Ajayi-Kadir stated that the likely results that could be obtained from the continued tightening of monetary instruments would be limitations on investment, business expansion and a further decline in manufacturing competitiveness.

He said: “The combination of higher borrowing costs and lower liquidity will hamper manufacturers’ ability to invest in innovative technologies, expand production capacities or venture into new markets.

“As a result, this could lead to delays or cancellations of planned initiatives, ultimately limiting the growth potential of the sector and its overall contribution to economic growth and development.”

He added that a high lending rate, above 30 percent, will increase the cost of borrowing and make Nigerian products less competitive with products from other nations.

“This is evident in the significant drop in global demand for Nigerian products. In particular, data from the World Trade Organization (WTO) reveals a stark contrast in the values ​​of manufacturing exports between Nigeria, South Africa, Egypt and Morocco in 2022: South Africa, Morocco and Egypt recorded $45.38 billion, $30.61 billion of dollars and 20.14 billion dollars respectively in comparison. to Nigeria’s modest record of $3.21 billion.

“Such a glaring divergence underlines the significant disparity in Nigeria’s competitiveness,” he argued.

Furthermore, according to the MAN survey, it said that the capacity utilization of the manufacturing sector decreased from 56.4 percent recorded in 2022 to 55.1 percent in 2023.

Furthermore, the sector’s growth slowed to 1.40 percent in 2023 from 3.35 percent and 2.45 percent recorded in 2021 and 2022 respectively, he said.

Therefore, he said the CBN should explore alternative measures, particularly to address the underlying causes of inflation, primarily cost drivers.

He said: “MAN seriously urges the MPC to carefully evaluate the effects of these monetary policy actions on both the manufacturing sector and the broader economy.

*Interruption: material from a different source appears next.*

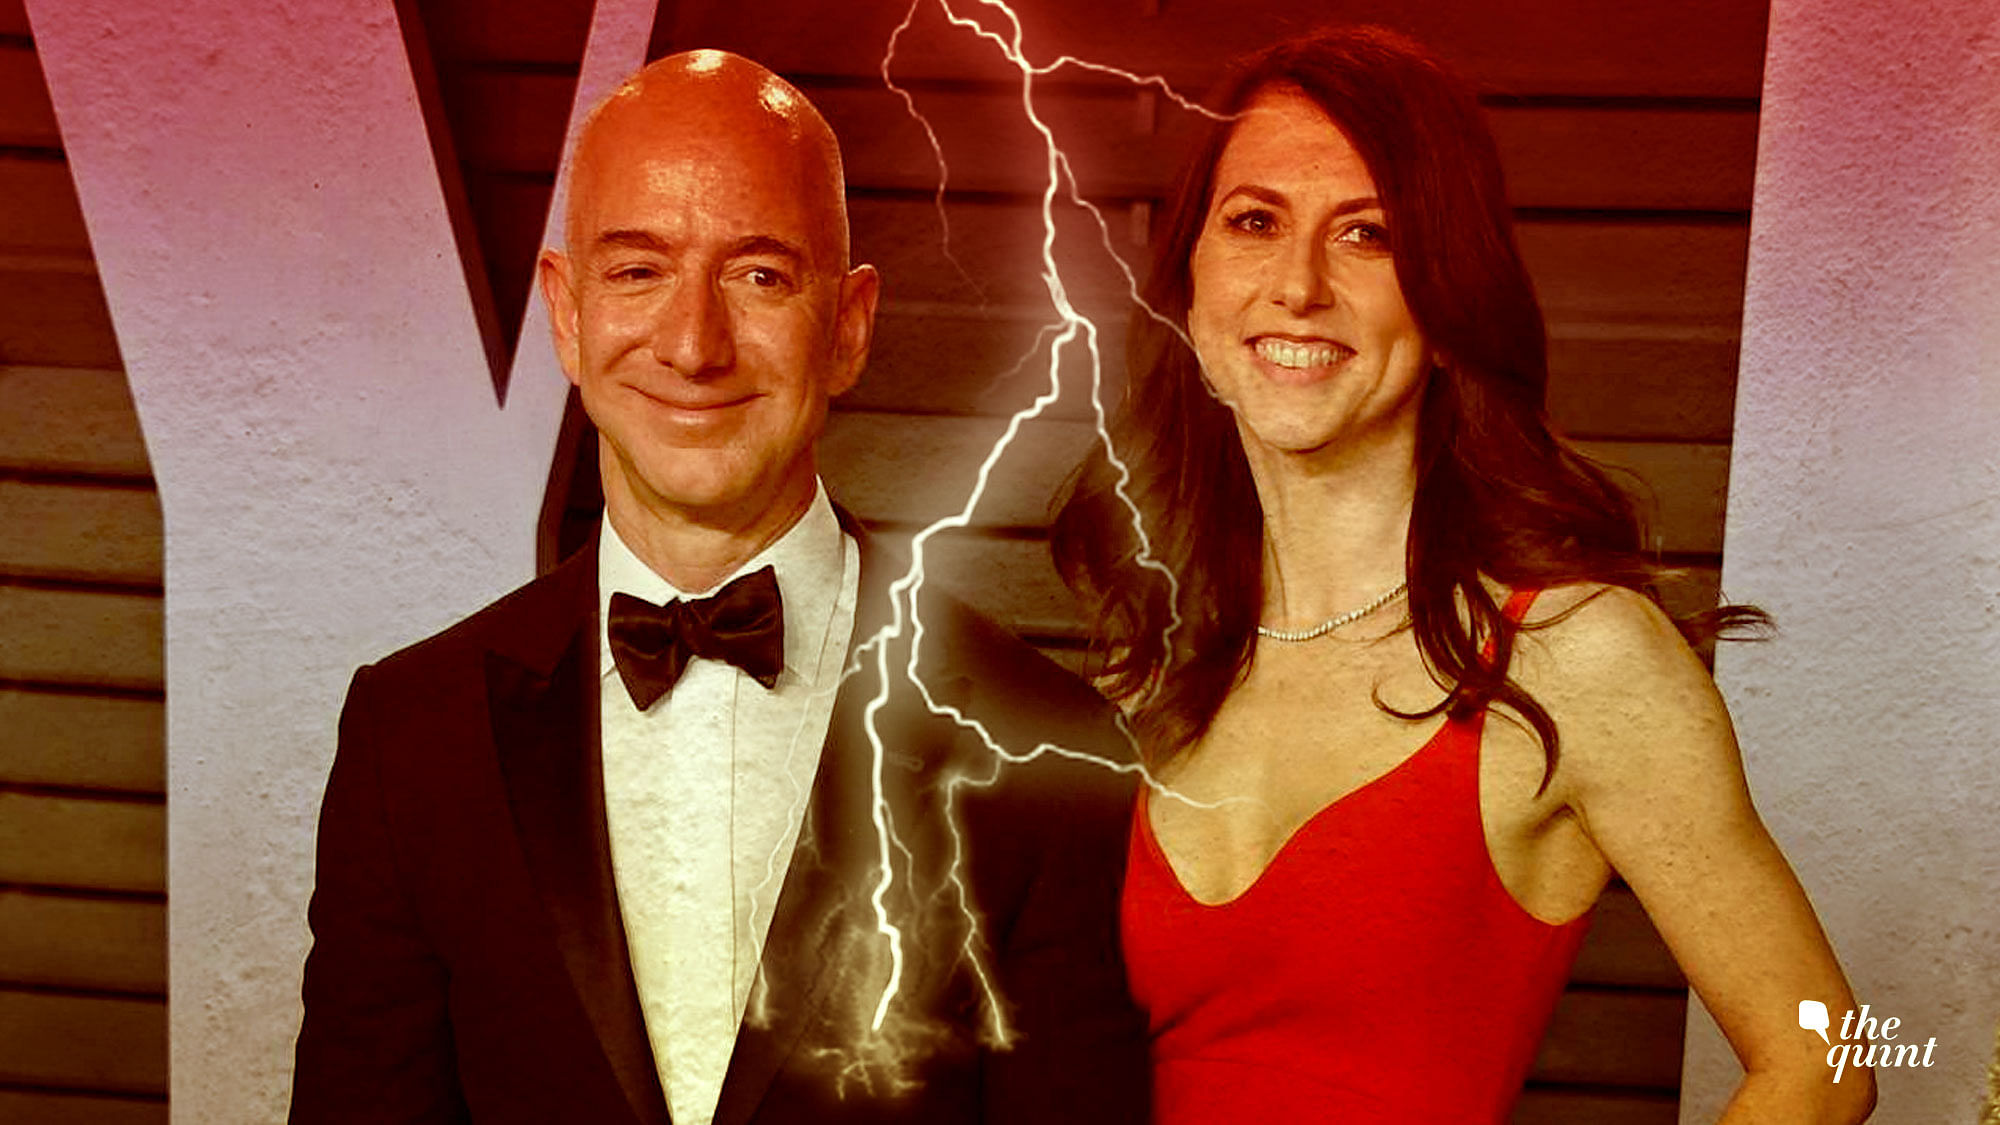 File photo of Jeff Bezos with wife MacKenzie Bezos.
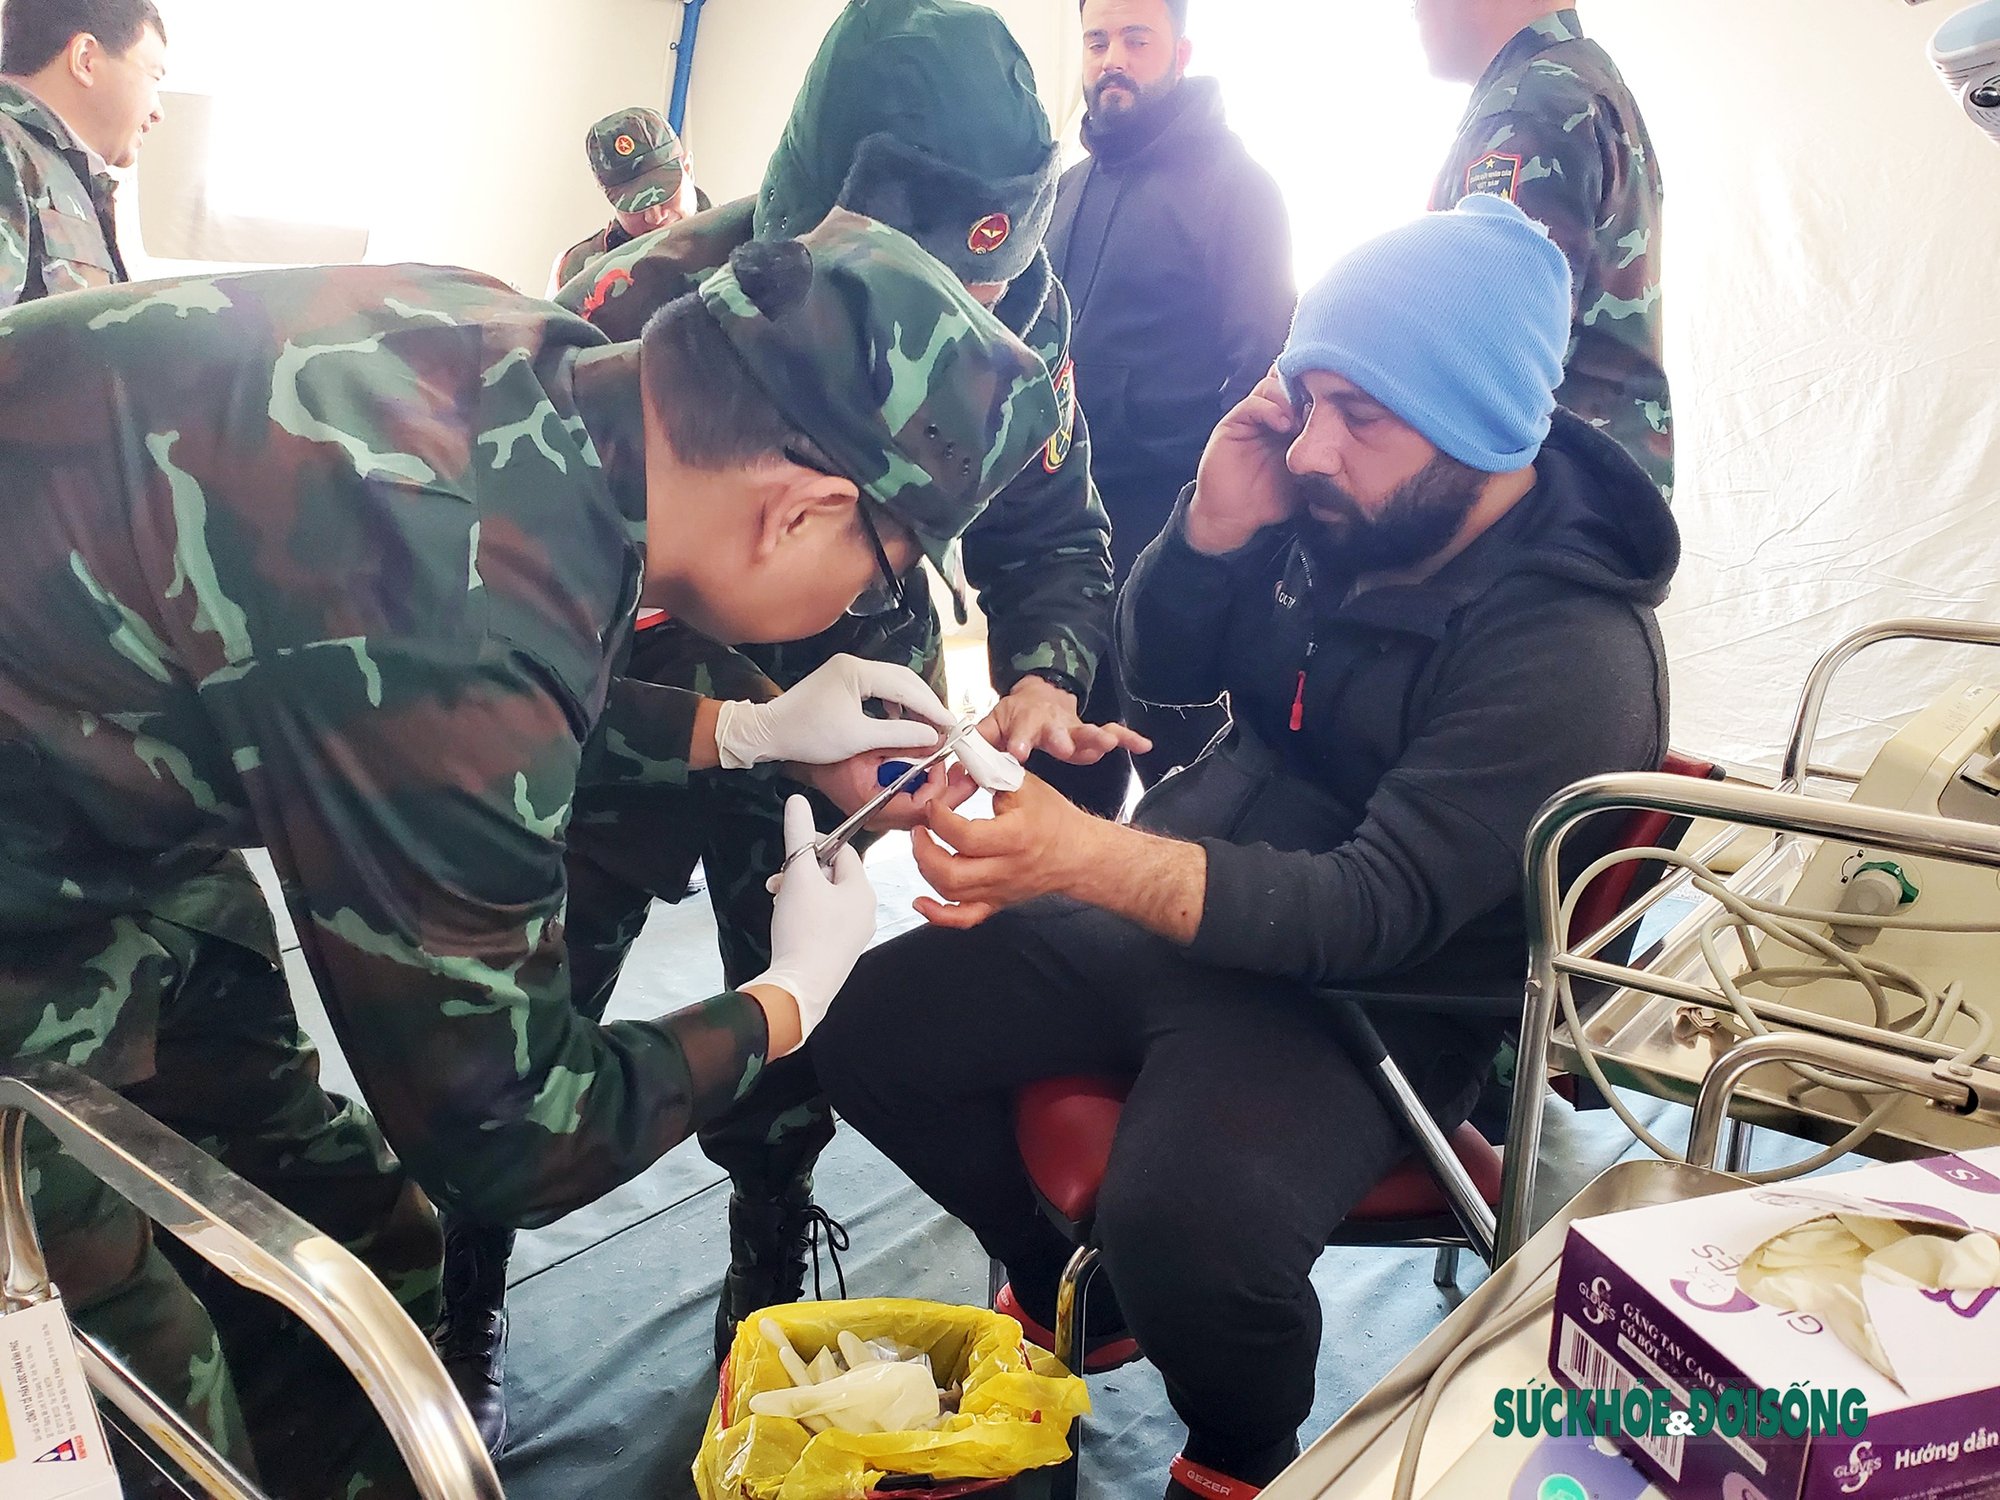  Ngay sau khi sơ cứu cho anh Comert, Tổ quân y Việt Nam cũng thay băng cho anh Armet (33 tuổi) người Thổ Nhĩ Kỳ, chấn thương ngón tay trái do xà beng đập vào trong khi làm nhiệm vụ cứu nạn.

“It is crucial to strike a delicate balance between addressing macroeconomic challenges and fostering the growth and resilience of the manufacturing industry.

“MAN therefore advocates for strong collaboration between monetary and fiscal authorities and suggests considering the following policy measures, such as the implementation of “specific interventions aimed at mitigating the underlying factors that drive the costs that drive inflation, thereby alleviating the financial burden on manufacturers. prioritizing “the allocation of foreign exchange and credit to manufacturers and accelerating the proposed recapitalization of the banking sector.”

He also emphasized the development of infrastructure within industrial centers and the reinforcement of national investments in renewable energy sources to alleviate logistical expenses and improve competitiveness.

Furthermore, he called for reducing the country’s dependence on imported products and raw materials by providing incentives for investment in backward integration and local sourcing to reduce pressure on the dollar to a minimum.